Baloo stores internally filesystem tree inside index in order to be able to reconstruct full path of particular document id. The root of this tree should correspond to root directory "/" (id = 0). In your case, it is not so, the tree corresponds to your home directory instead (this can be deduced from non-corrupted index), which is why Baloo is not happy - it cannot resolve paths.

This patch might help: https://phabricator.kde.org/D21427.
Can anyone confirm?
Comment 25 S 2019-07-08 13:54:08 UTC
(In reply to Igor Poboiko from comment #24)

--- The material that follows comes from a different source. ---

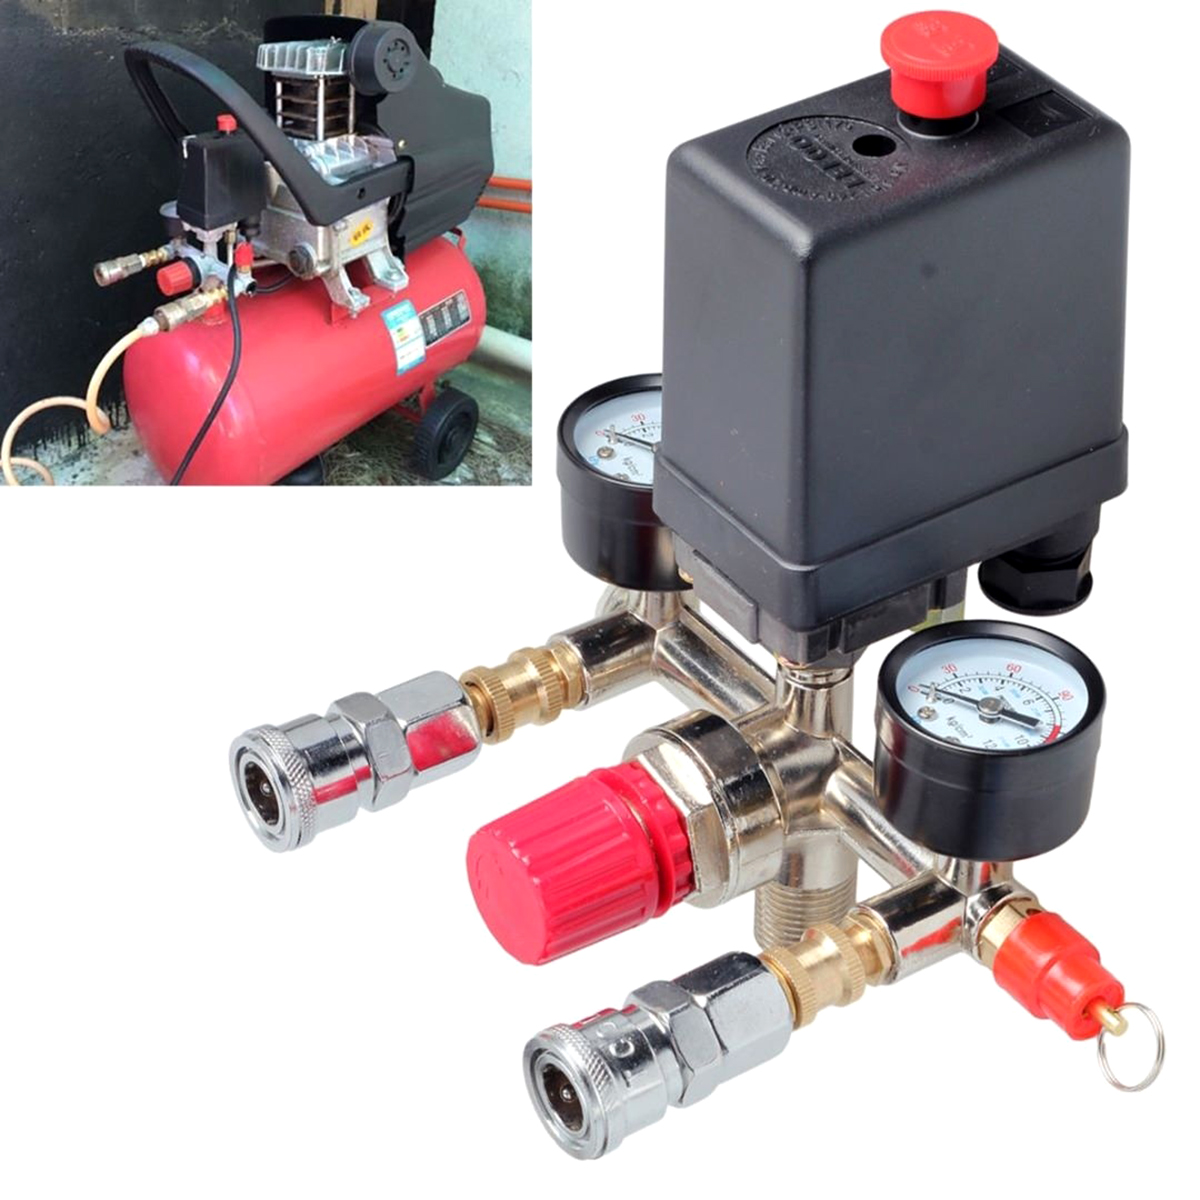 230V Pressure Switch Air Valve Manifold Air Compressor Pressure Control Regulator Gauge  Regulator Gauge With Quick Connector

> This patch might help: https://phabricator.kde.org/D21427.
> Can anyone confirm?

Nice work Igor! I'm building baloo5 with that patch now and I'll test it throughout my workday today.
Comment 26 S 2019-07-09 14:05:31 UTC
(In reply to S from comment #25)
> (In reply to Igor Poboiko from comment #24)
> 
> > This patch might help: https://phabricator.kde.org/D21427.
> > Can anyone confirm?
> 
> Nice work Igor! I'm building baloo5 with that patch now and I'll test it
> throughout my workday today.

This is tentatively looking good! It survived a long day of work yesterday, including quite a few reboots (because I was diagnosing a different unrelated bug... :-/ ) I'd say push this change to master.
Comment 27 S 2019-07-10 14:40:14 UTC
(In reply to S from comment #26)
> (In reply to S from comment #25)
> > (In reply to Igor Poboiko from comment #24)
> > 
> > > This patch might help: https://phabricator.kde.org/D21427.
> > > Can anyone confirm?
> > 
> > Nice work Igor! I'm building baloo5 with that patch now and I'll test it
> > throughout my workday today.
> 
> This is tentatively looking good! It survived a long day of work yesterday,
> including quite a few reboots (because I was diagnosing a different
> unrelated bug... :-/ ) I'd say push this change to master.

I can confidently say that the patch fixes this bug. Is there anything preventing the integration of the patch into the official code?
Comment 28 Gerson 2019-07-10 15:02:29 UTC
Great! I didn't try the patch yet, but it is great to know that it seems to have fixed the problem. I'll try as soon as I can.
Comment 29 S 2019-07-11 16:05:29 UTC
Over here:
https://bugzilla.suse.com/show_bug.cgi?id=1141028
(Stefan Brüns)
> A fix is already included in KF5.60.
Comment 30 Igor Poboiko 2019-07-14 15:52:03 UTC
(In reply to S from comment #29)
> Over here:
> https://bugzilla.suse.com/show_bug.cgi?id=1141028
> (Stefan Brüns)
> > A fix is already included in KF5.60.

He probably refers to the following commit (which I kind of missed here - sorry about it) - https://cgit.kde.org/baloo.git/commit/?id=8e7b54c54764f3e6eae7d79f0e0ce3079d56a3a0.

It should also work (and if it does, please drop a comment here so we can close this issue)
Comment 31 Gerson 2019-07-23 13:10:16 UTC
yes, I confirm. After upgrading to 5.60 the bug is gone! Thanks!